Nigeria’s Dangote Cement drives local bourse to new height on share repurchase deal
By Samuel Bankole
Investors buying interest in the continent’s biggest cement firm, Dangote Cement drove the local equity market to a new high on Tuesday on the back of the company’s decision to launch a share buy back exercise toward the end of the year.
Share in Dangote Cement, which accounts for a fifth of the market capitalisation jumped by 6.34 percent as investors scrambled to take positions in the stock ahead of the December 30, date for the share repurchase.
The cement firm, majorly owned by Africa’s richest man had on Monday announced plans to launch a share buy back of about 0.5 percent of its issued capital between December 30-31, 2020.
This has spurred investor appetite for the cement company shares, pushing up the market main index for the second day in a row.

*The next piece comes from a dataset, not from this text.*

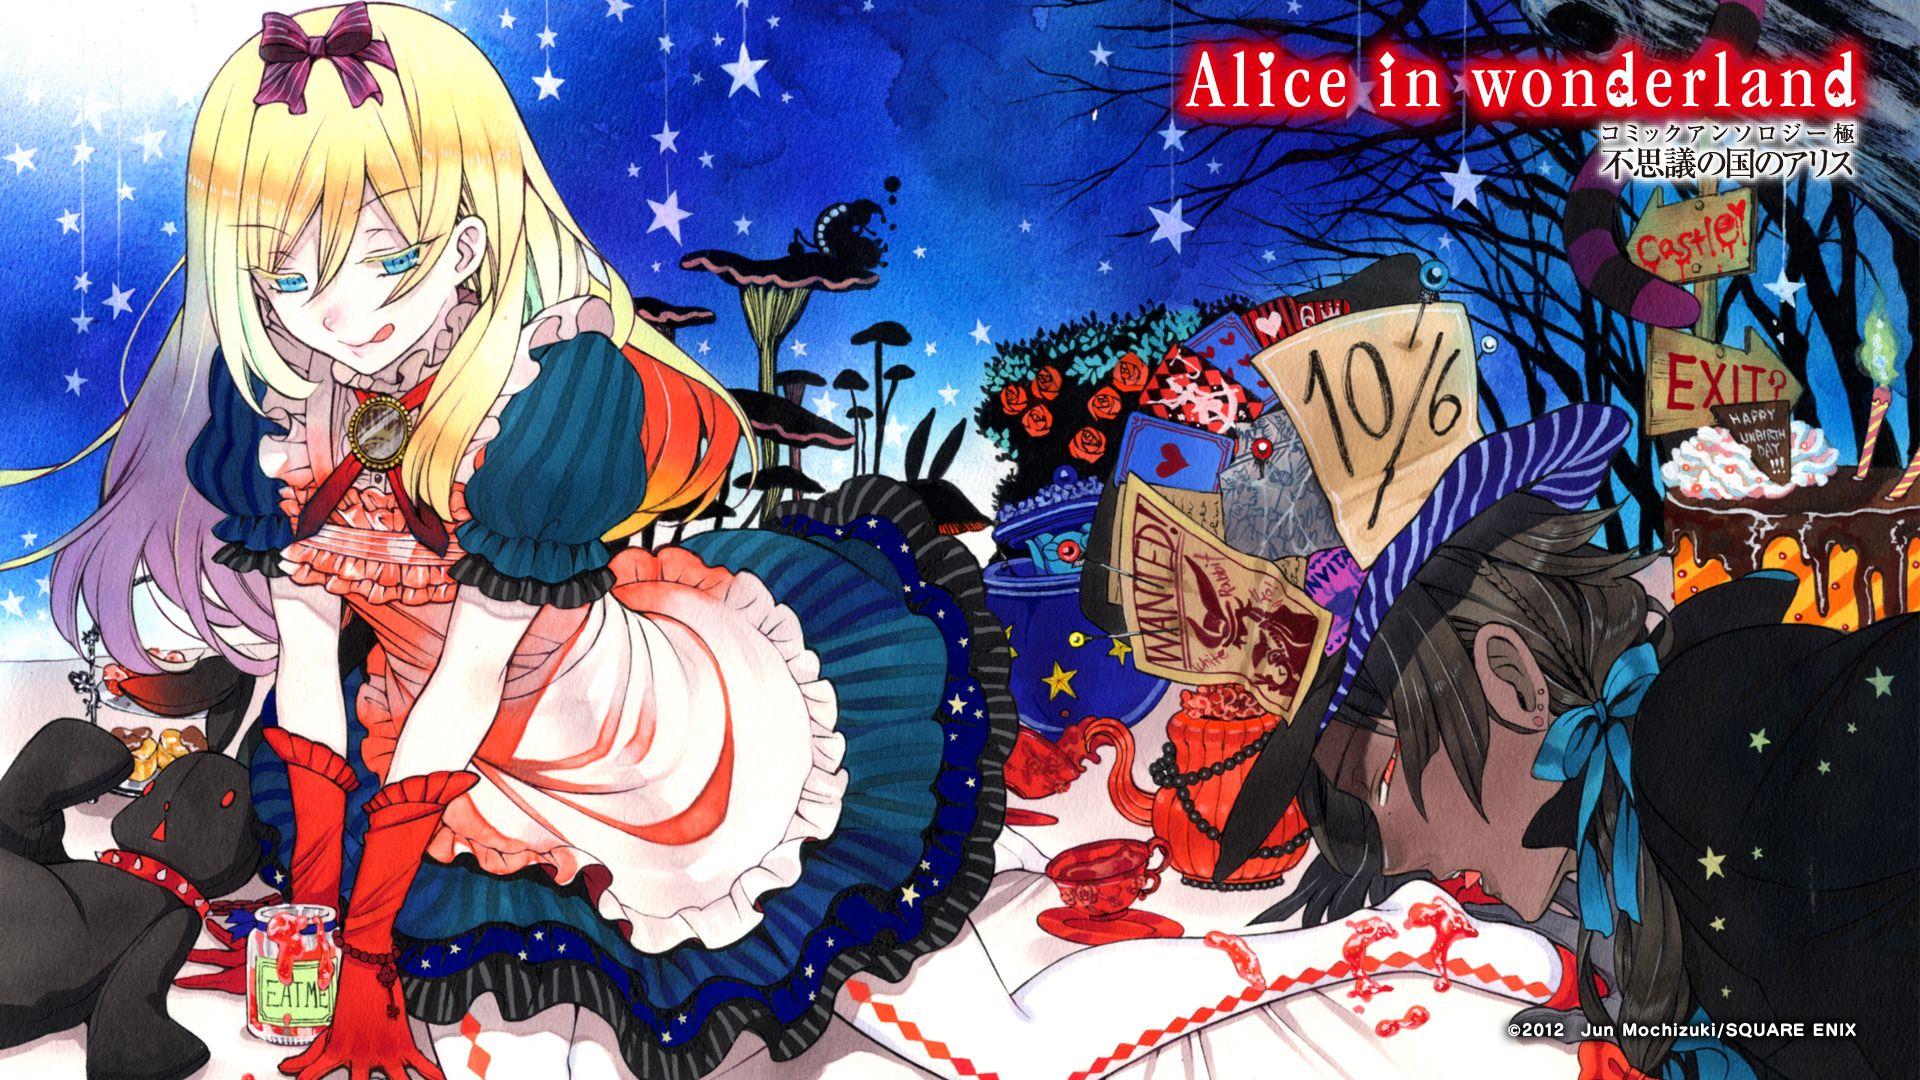 jun mochizuki aliceinwonderland anime alice in. Black Bedroom Furniture Sets. Home Design Ideas

The Nigerian Stock Exchange (NSE) All Share Index (ASI) rose to a new 21/2 year high and extended the market rally for the seventh consecutive trading day.
The index rose 1.2 percent to 37,893.61 points, a level last seen in July 2018.
The market index rose by 1.74 percent to close at 37,443.40 points on Monday after investors showed tremendous interest in the shares of the cement firm.
Analysts projected that the company could postpone the share buy back exercise if the share prices are driven higher than the projections made by the company’s directors for the share repurchase.
Dangote Cement has recorded 72.5 percent gain year-to-date, closing at N240 per share on Tuesday.
Other gainers include chocolate maker, Cadbury which gained 4 percent to close at N9 a share, household product maker PZ gained 2.8 percent to close at N5.50 while lender United Bank for Africa (UBA) gained 2.4 percent to close at N8.40 a share.